MATERIAL PROVIDED |
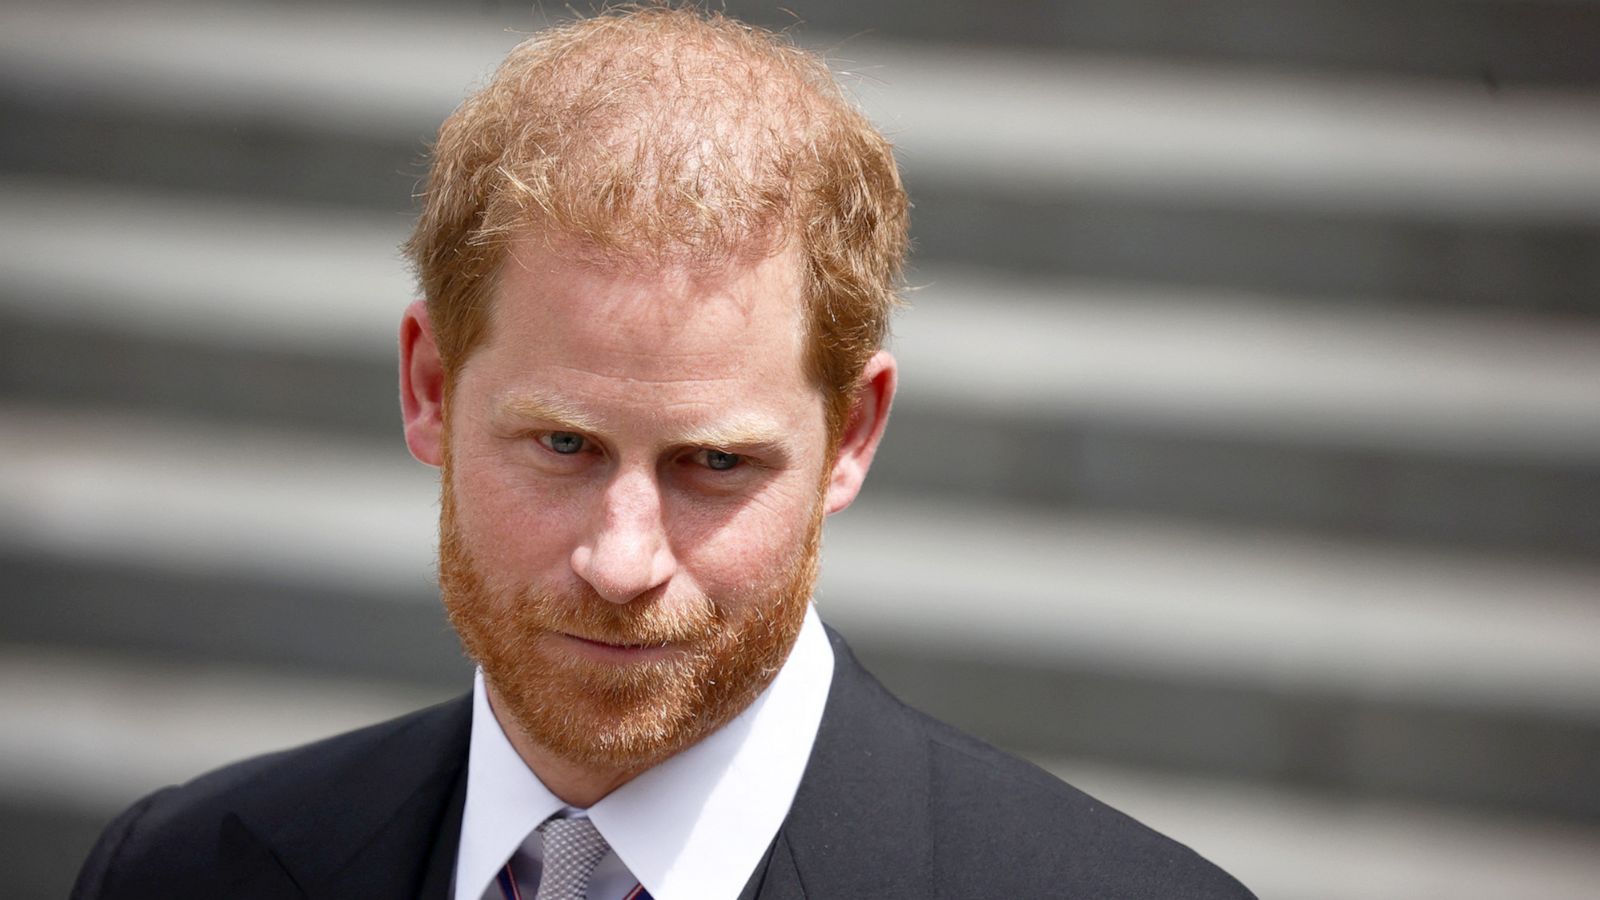 Prince William briefed the press about Prince Harry, author claims in new  book - Good Morning America
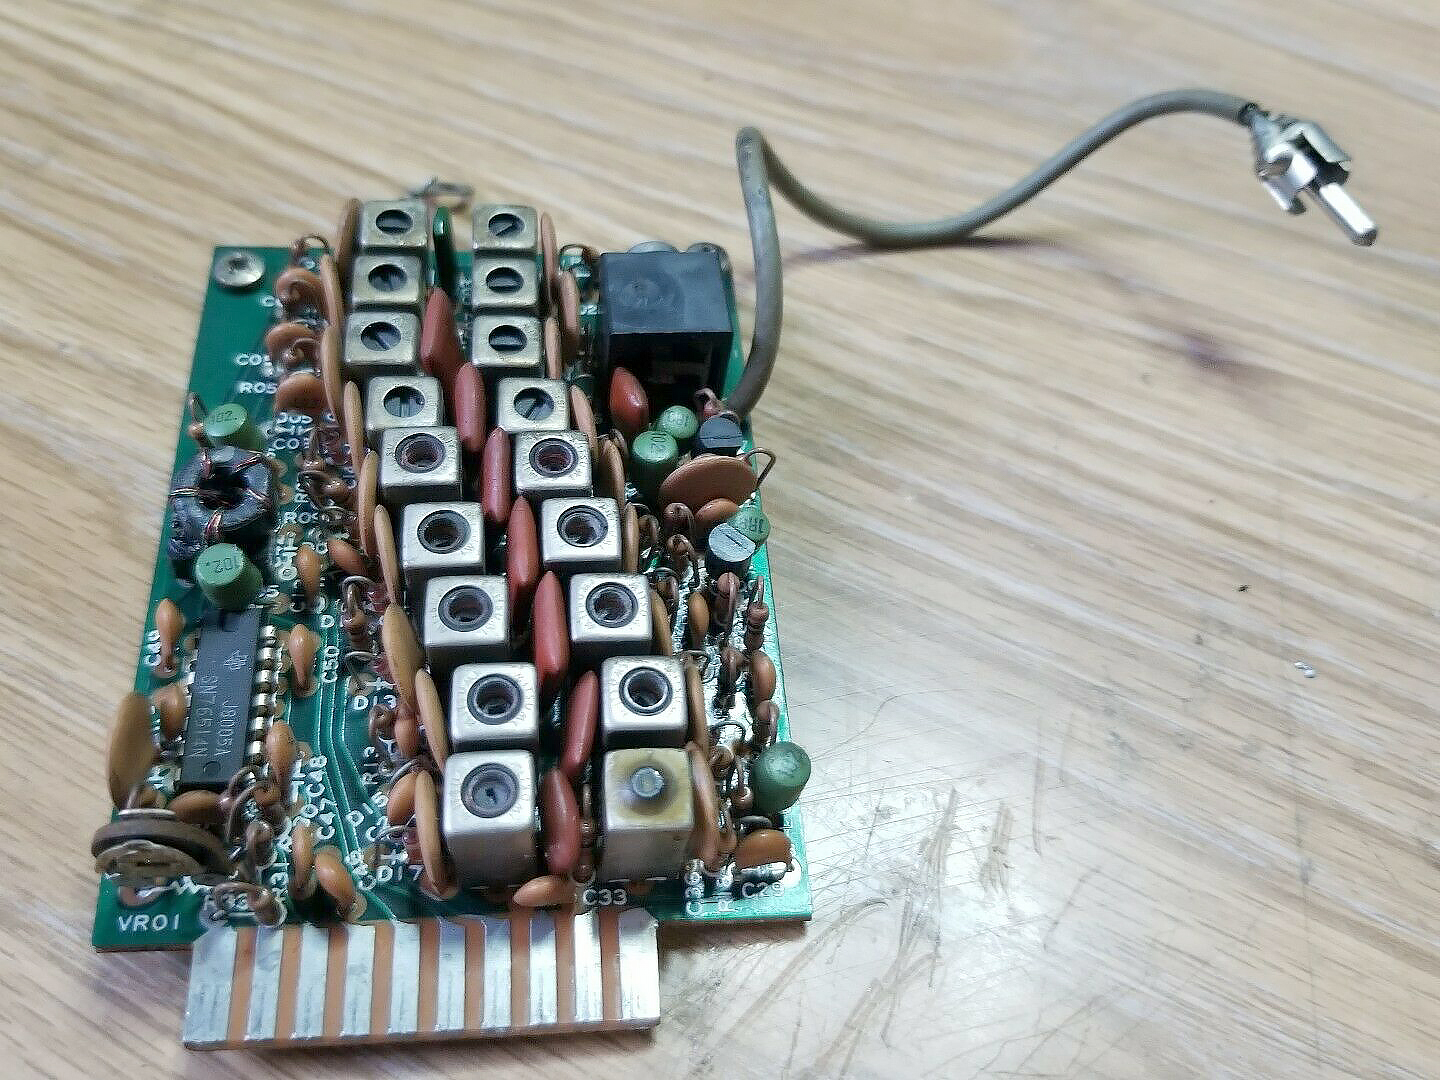 Photo of the PB-2162A Pre Mixer Module used in the Yaesu FT-101ZD Transceiver.
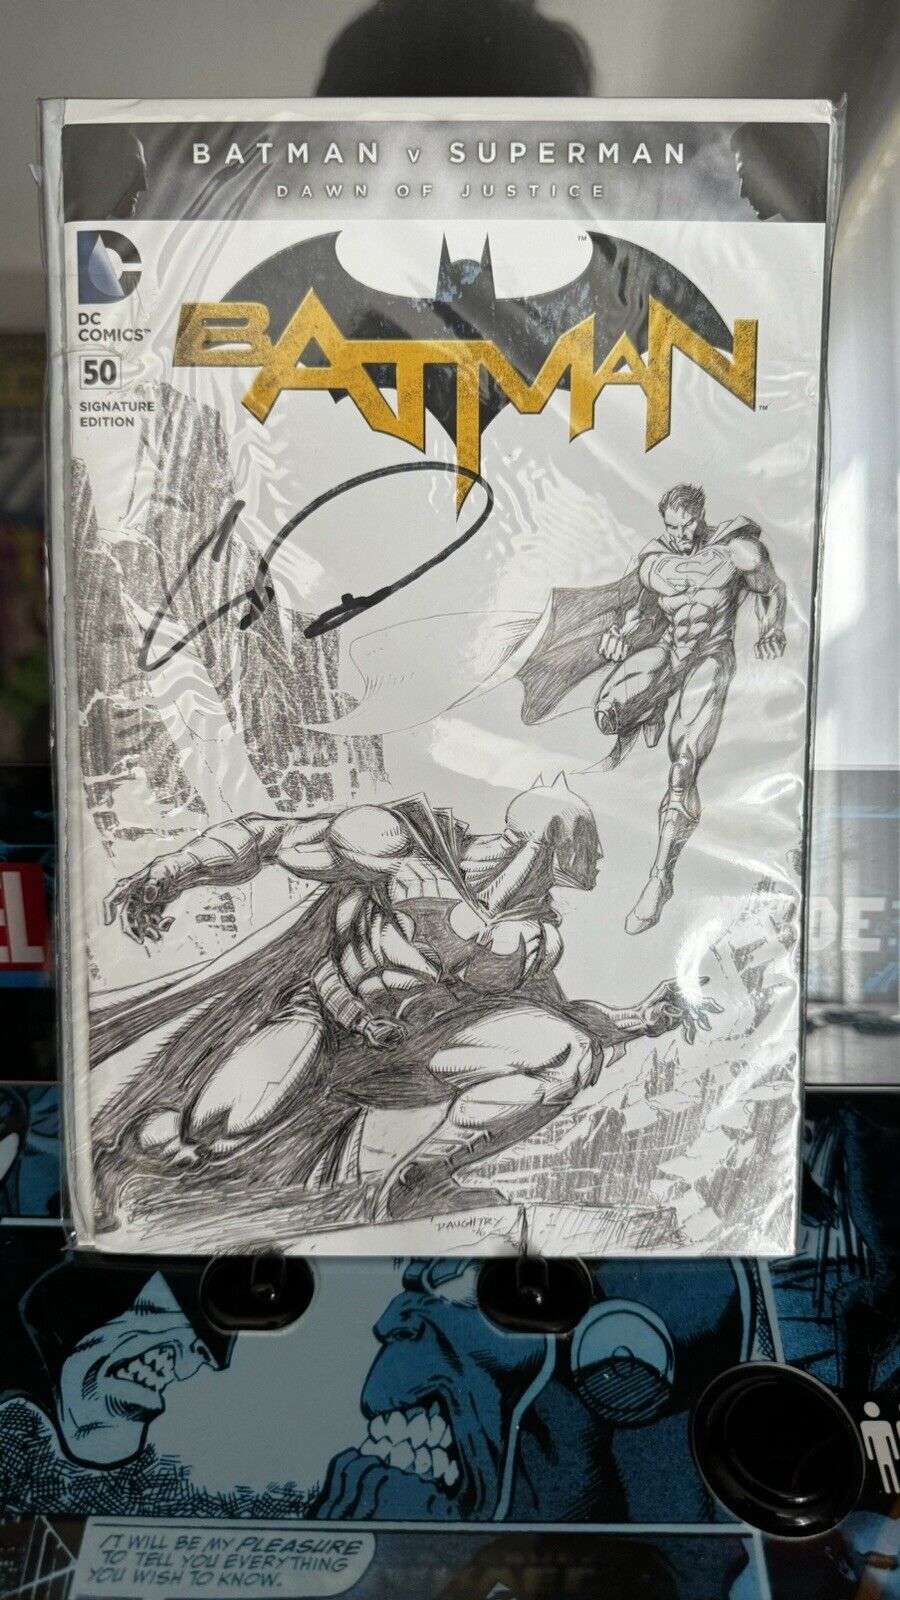 Batman (2011) 50 RARE Signature Edition Sketch Variant signed by Chris Daughtry
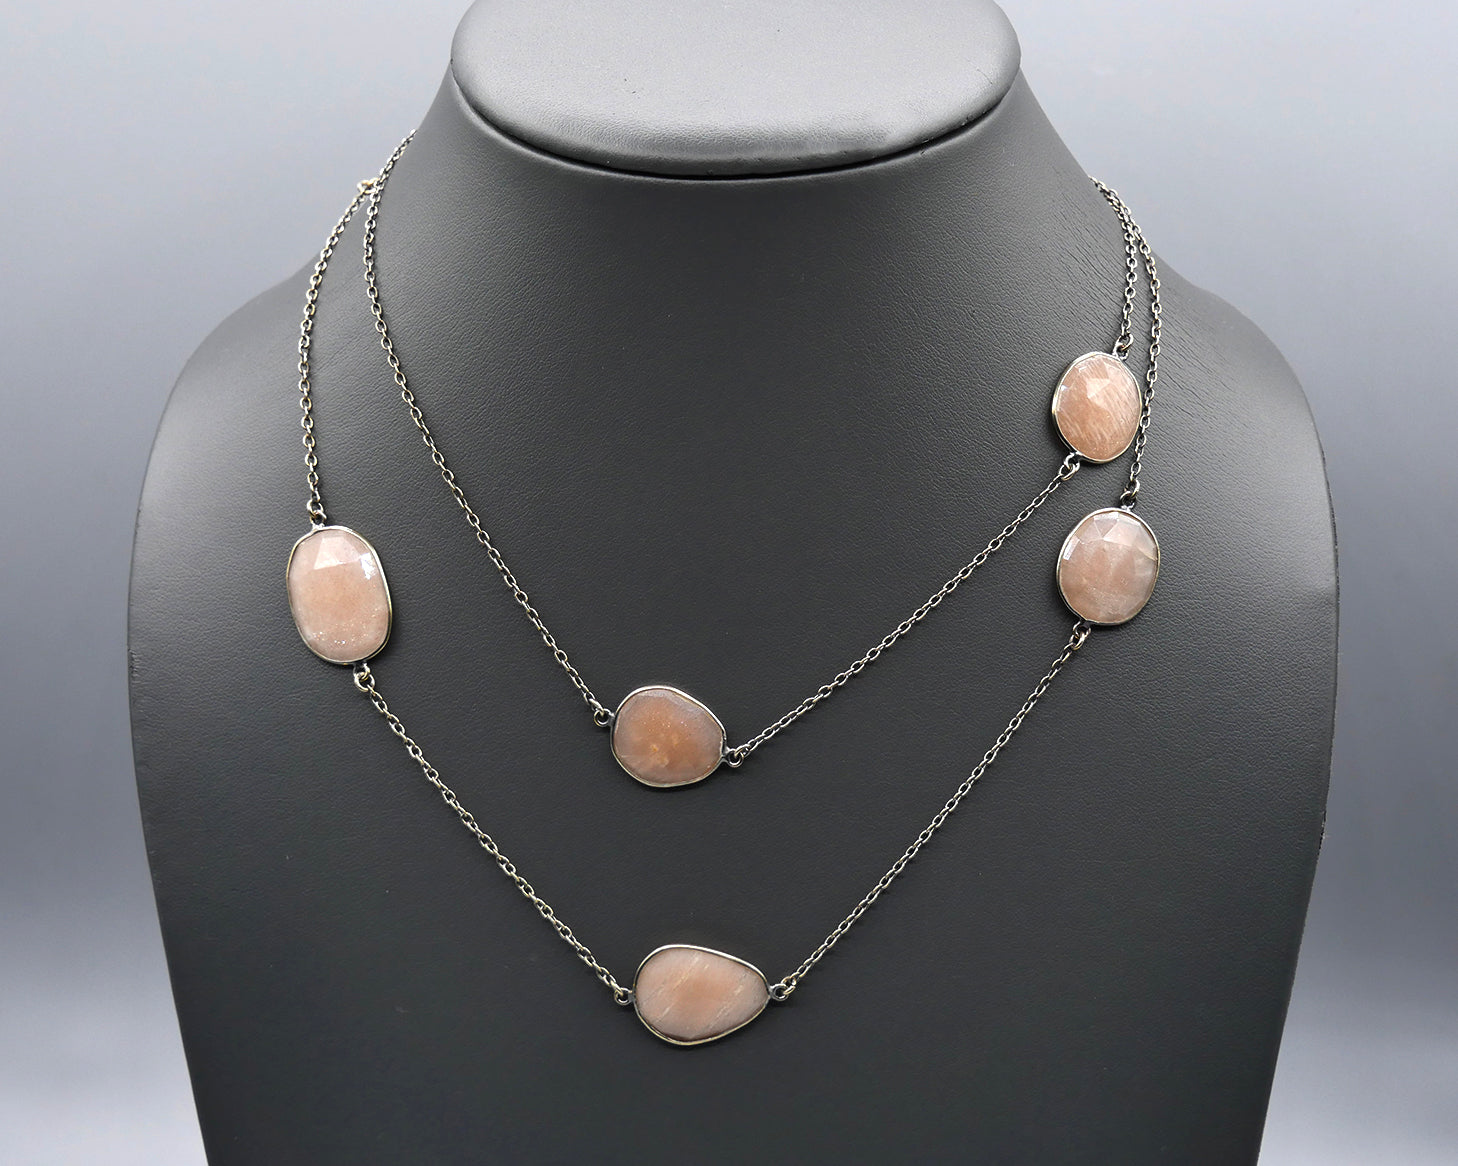 Chain Gang Collection- Large, Peach Chalcedony Stone Necklace

HOW TO COMPLETE THIS TASK | Would you copy each line above exactly as given, dropping any images?

EXERCISE OUTPUT |
 Prince William briefed the press about Prince Harry, author claims in new  book - Good Morning America
 Photo of the PB-2162A Pre Mixer Module used in the Yaesu FT-101ZD Transceiver.
 Batman (2011) 50 RARE Signature Edition Sketch Variant signed by Chris Daughtry
 Chain Gang Collection- Large, Peach Chalcedony Stone Necklace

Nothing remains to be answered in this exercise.